Satyadeep Jain — Ambit Capital — Analyst
Thank you. A couple of questions on Europe. First on the profitability. I believe a couple of years ago, the company was embarking on transformation program. At that time, the thought was that at these rates of about EUR240 per ton, the company was looking at being cash breakeven. Given the current spreads are also about EUR200 per ton, not too far from there, at these levels, the company should have been possibly be at least EBITDA breakeven. Is there something — and maybe if the Europe — the U.K. plants are reaching end of life or is there anything else going on that is leading to that deviation from the targeted transformation plans? That’s the first question.

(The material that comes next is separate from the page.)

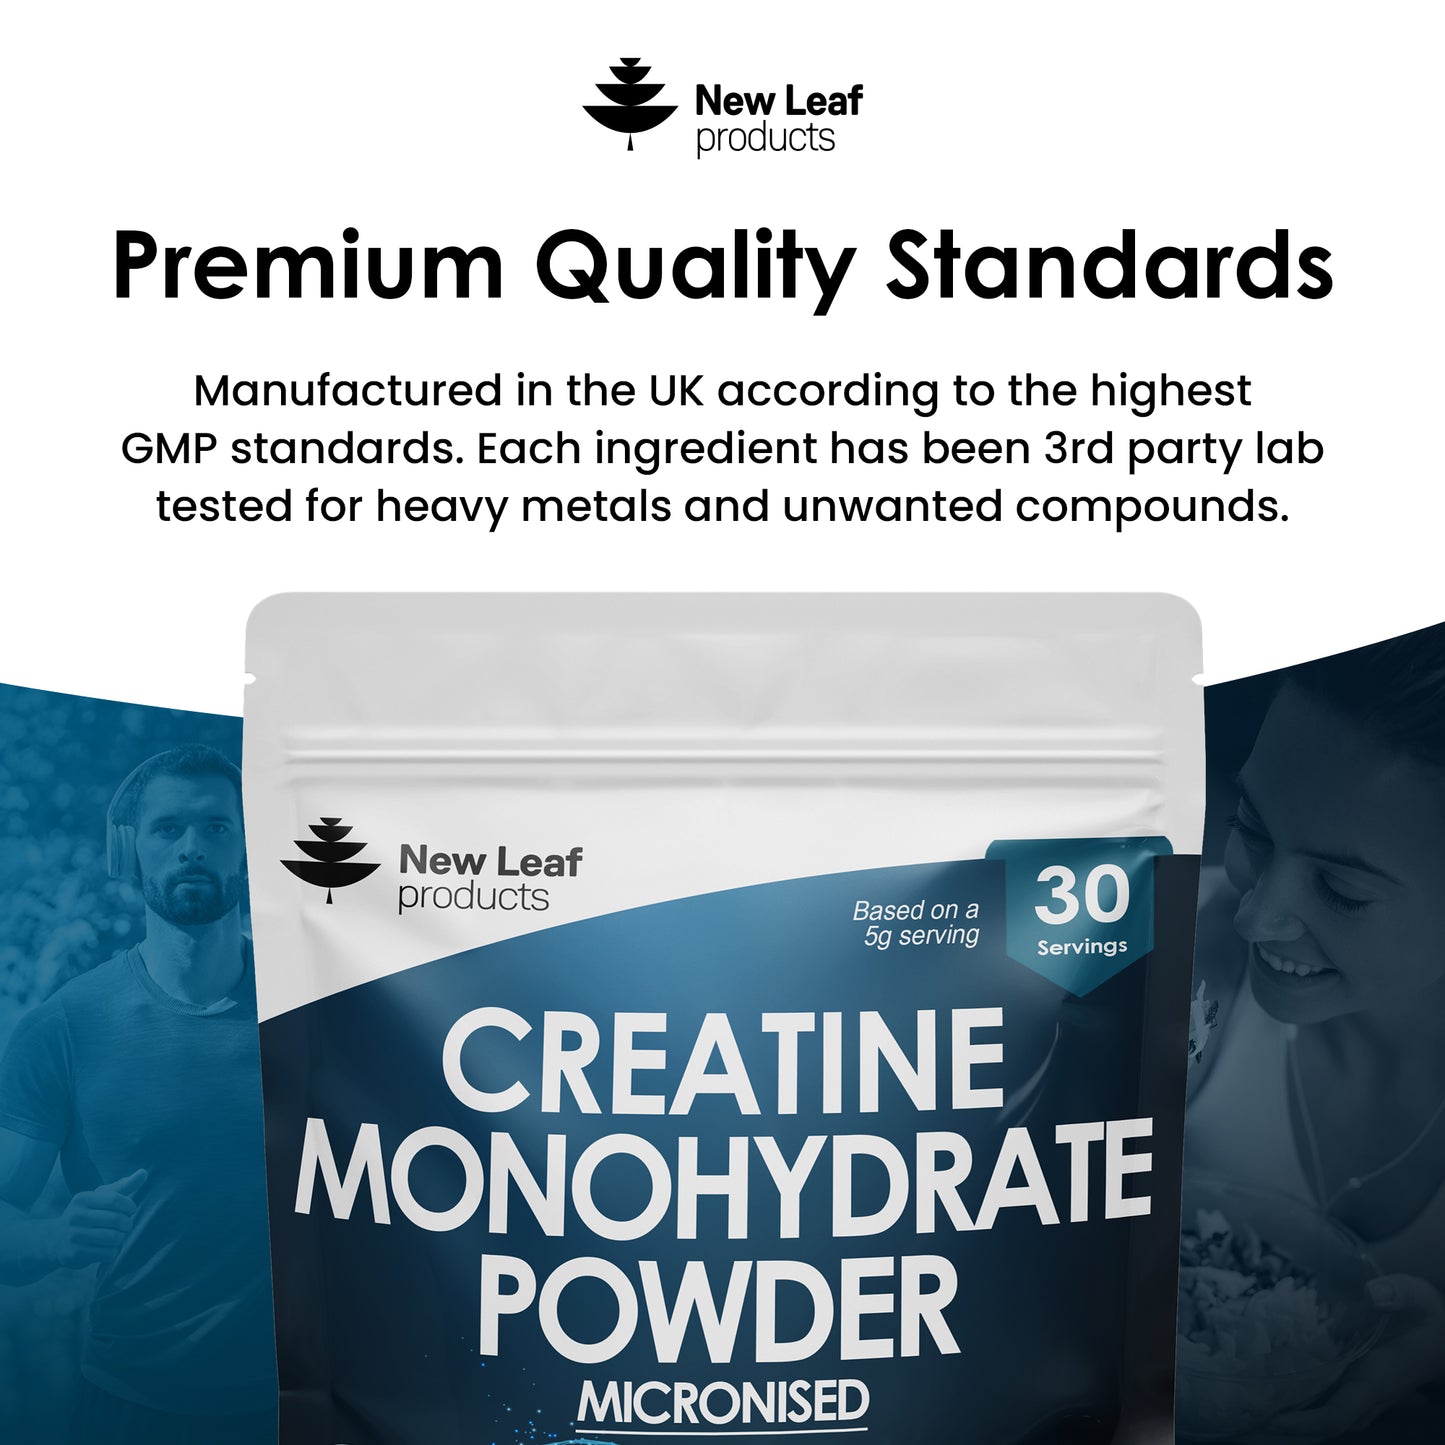 Creatine Monohydrate Powder 150g of Micronized Creatine for easy mixing - pre/post workout gym supplements
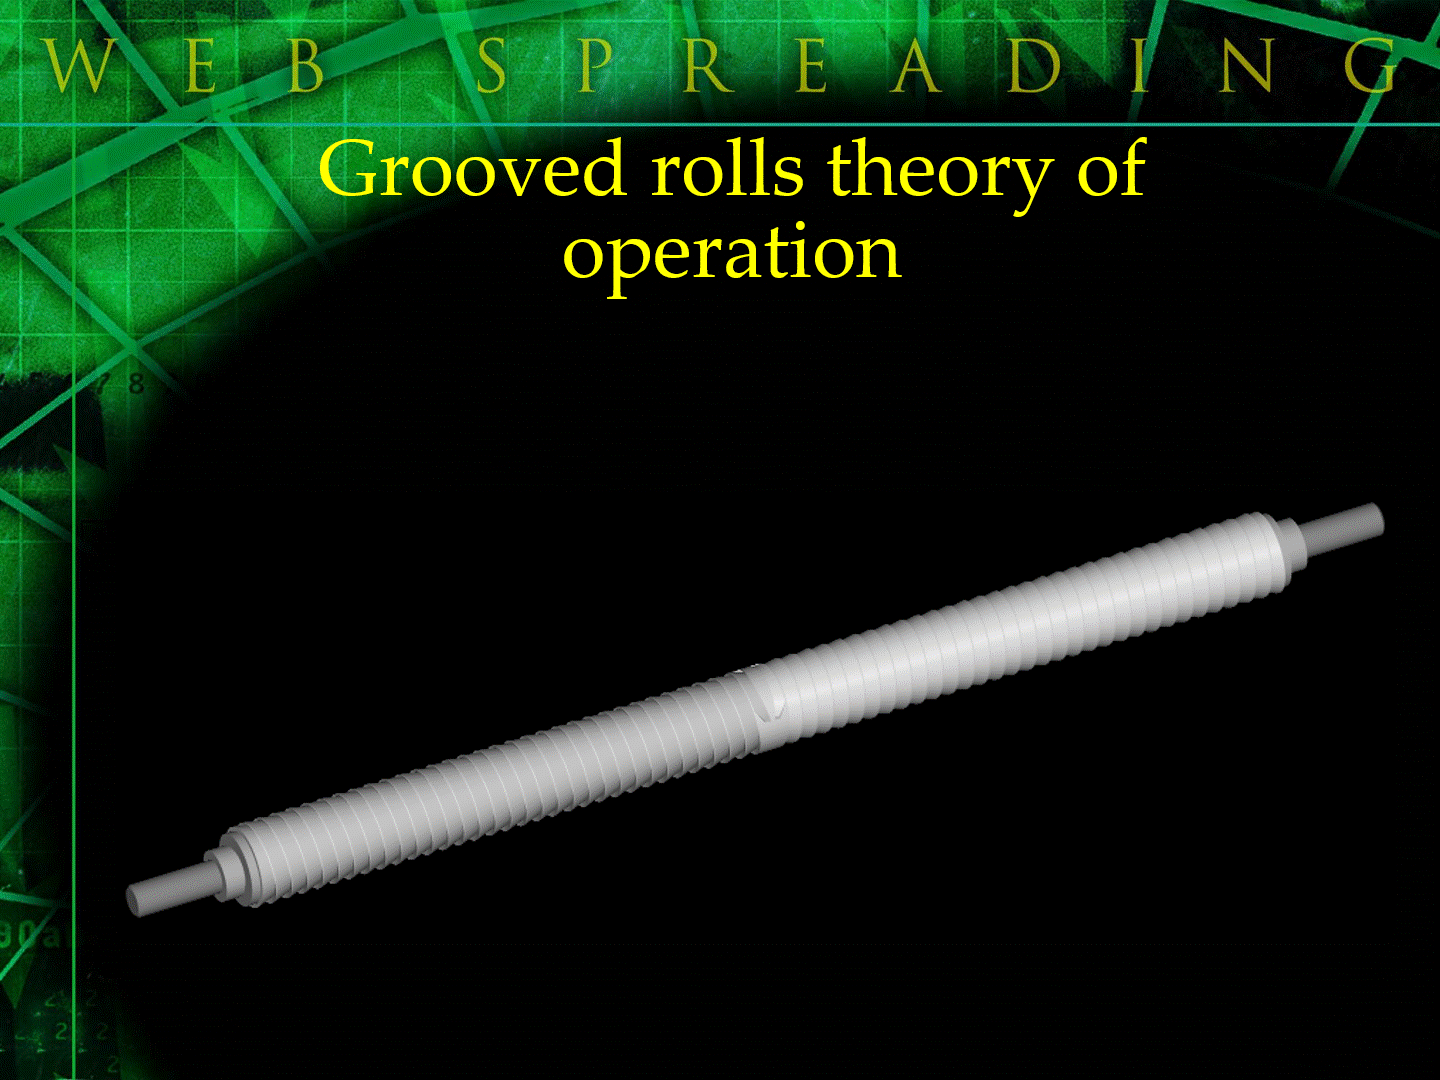 https://www.converteraccessory.com/news/images/grooved-rolls-theory.gif

T V Narendran — Chief Executive Officer and Managing Director
Yeah. So, Satyadeep, I think two things, one is, of course our traditional view of spreads now needs to get corrected for energy costs and gas costs because traditionally, energy and gas was hardly — and carbon together was less than 10% of the raw material costs, whereas it went up last year to almost 40%. Right? So it played a very material role. Now it is coming back to around 10% to 20%, so it’s at a more reasonable level. So that is one thing. That’s why what we had traditionally seen as EUR225 and EUR250 spreads, we’re assuming that gas and energy prices won’t be as high as it is today. So that is one change.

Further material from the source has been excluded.